MATERIAL PROVIDED:
◆ ◆ ◆ ◆ ◆

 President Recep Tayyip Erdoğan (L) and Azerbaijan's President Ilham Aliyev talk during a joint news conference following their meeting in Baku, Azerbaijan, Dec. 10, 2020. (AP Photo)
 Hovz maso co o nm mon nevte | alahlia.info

◆ ◆ ◆ ◆ ◆

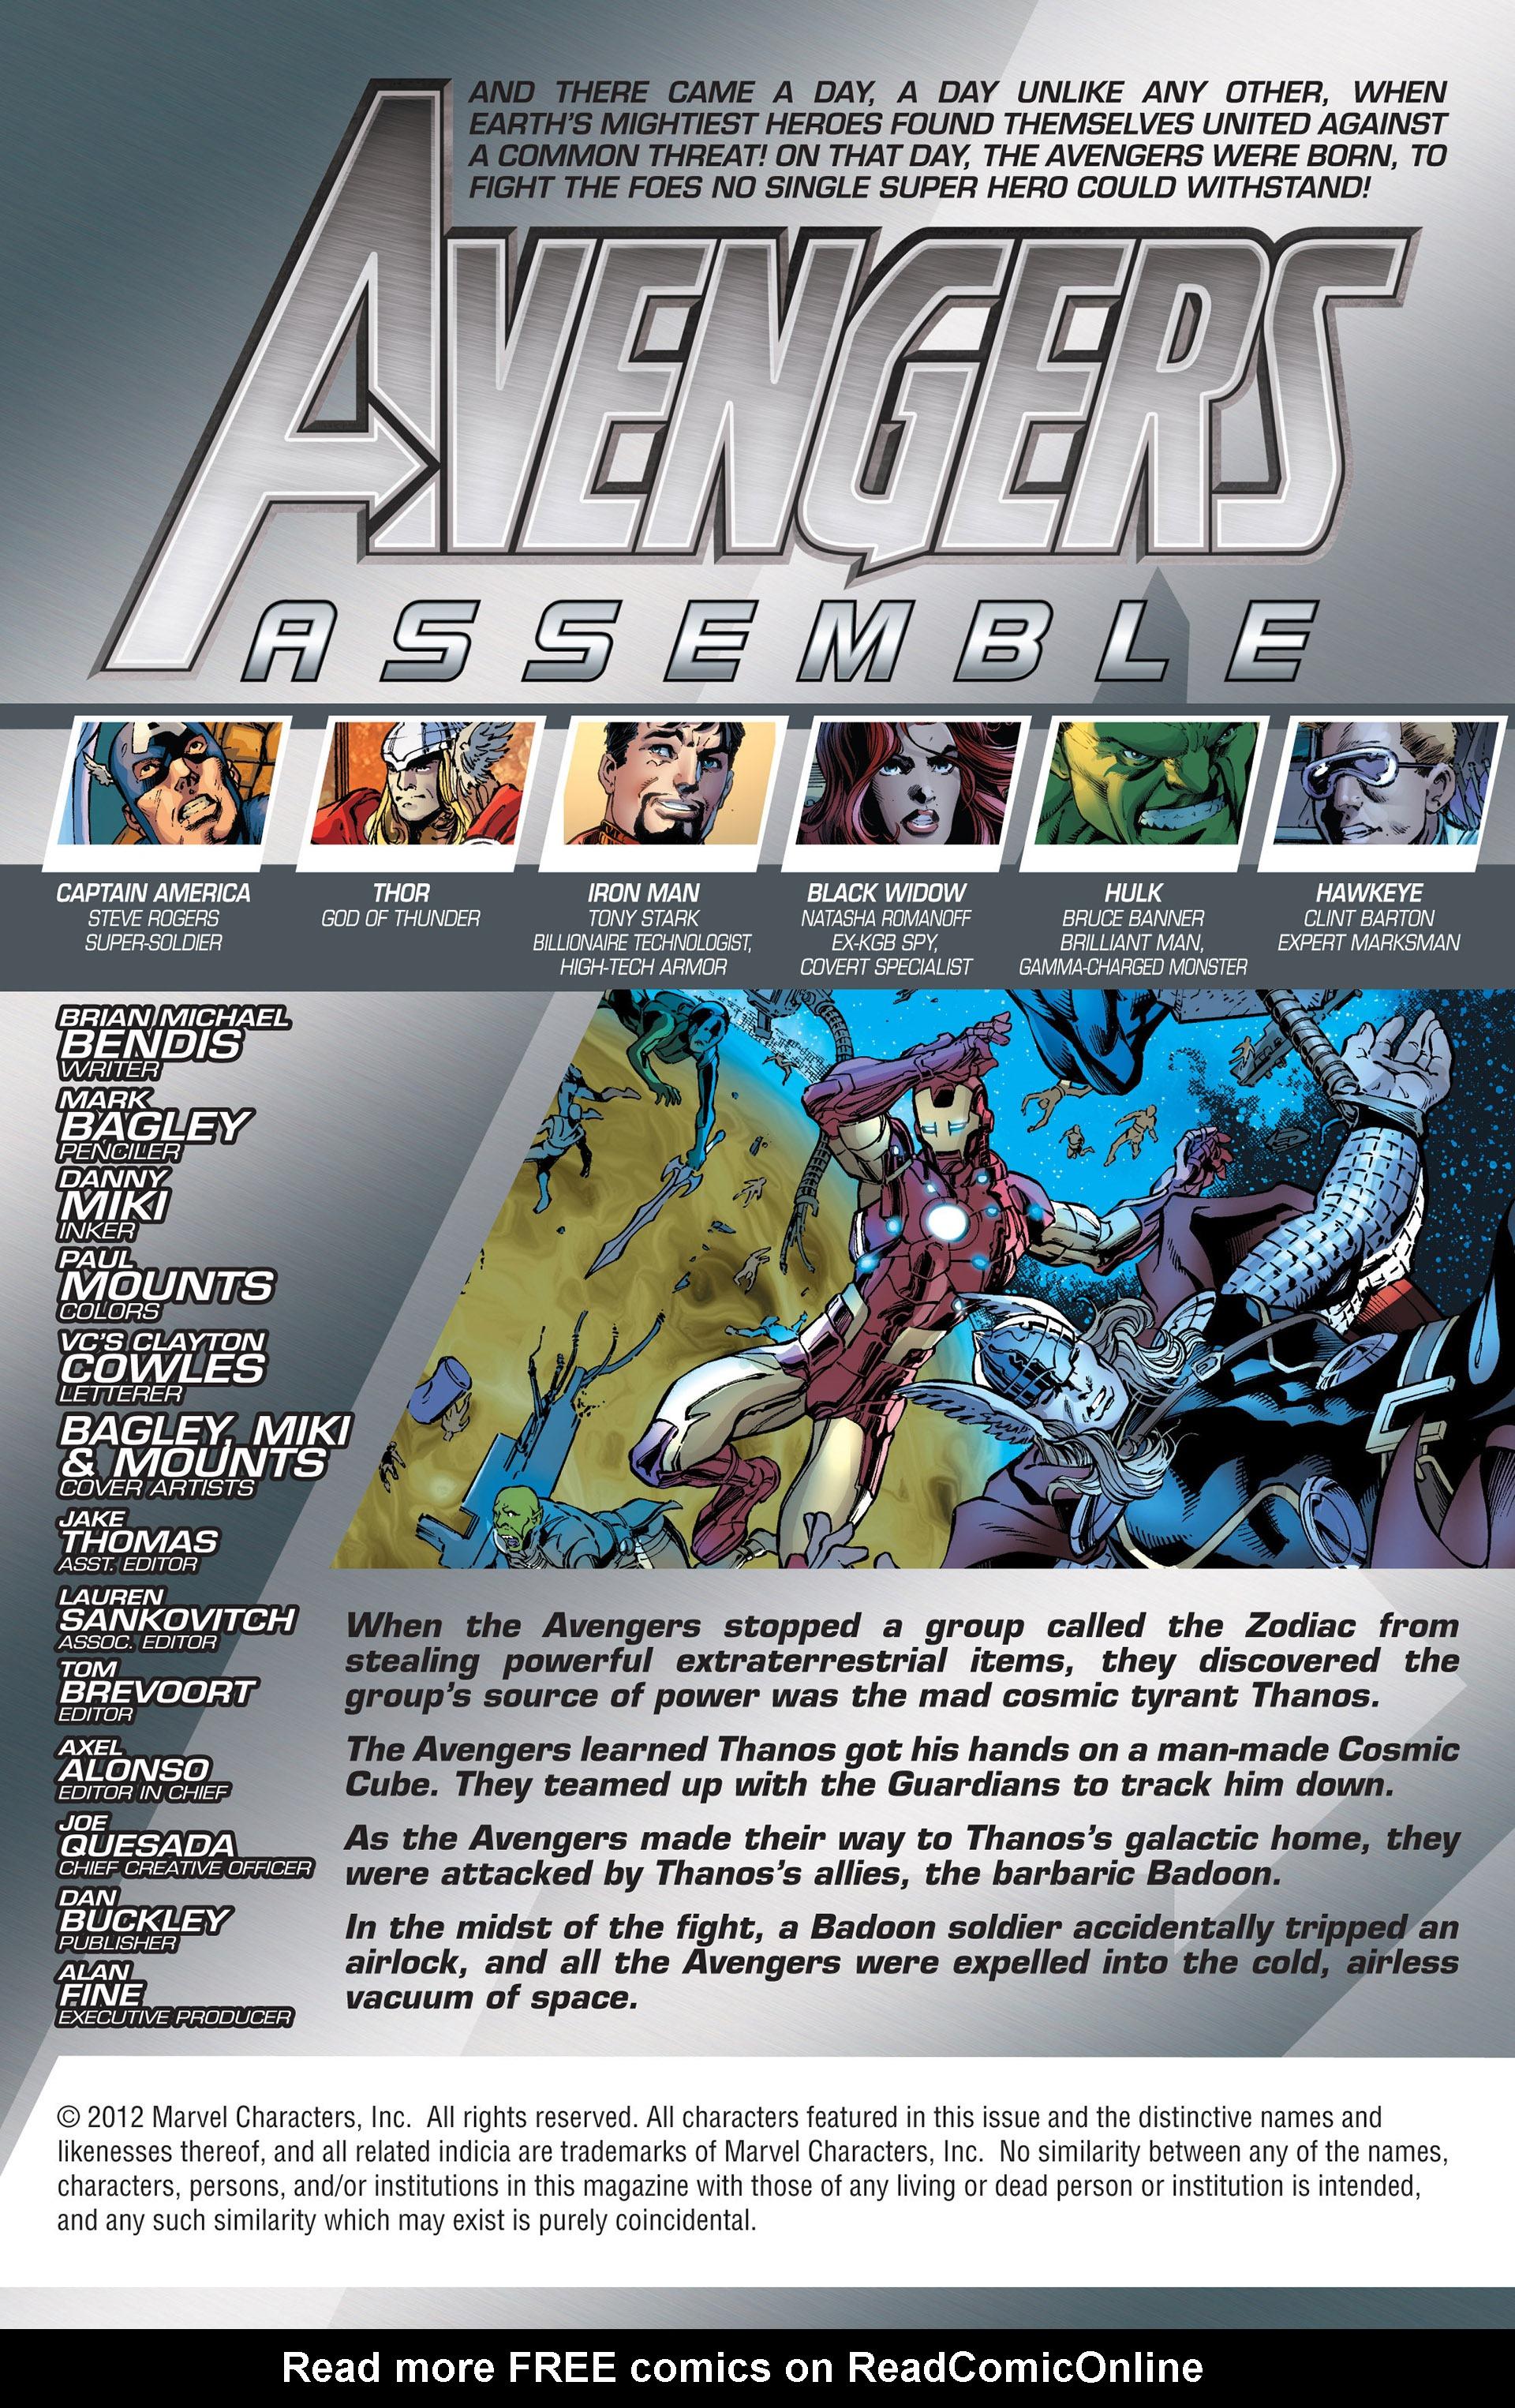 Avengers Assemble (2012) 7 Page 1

◆ ◆ ◆ ◆ ◆

EXERCISE INSTRUCTIONS:
Above are records; repeat only the lines starting at the line with "President Recep Tayyip" and ending at the line with "Hovz maso co o nm mon nevte | alahlia.info", exactly as they appear, both included.

EXERCISE RESULT:
 President Recep Tayyip Erdoğan (L) and Azerbaijan's President Ilham Aliyev talk during a joint news conference following their meeting in Baku, Azerbaijan, Dec. 10, 2020. (AP Photo)
 Hovz maso co o nm mon nevte | alahlia.info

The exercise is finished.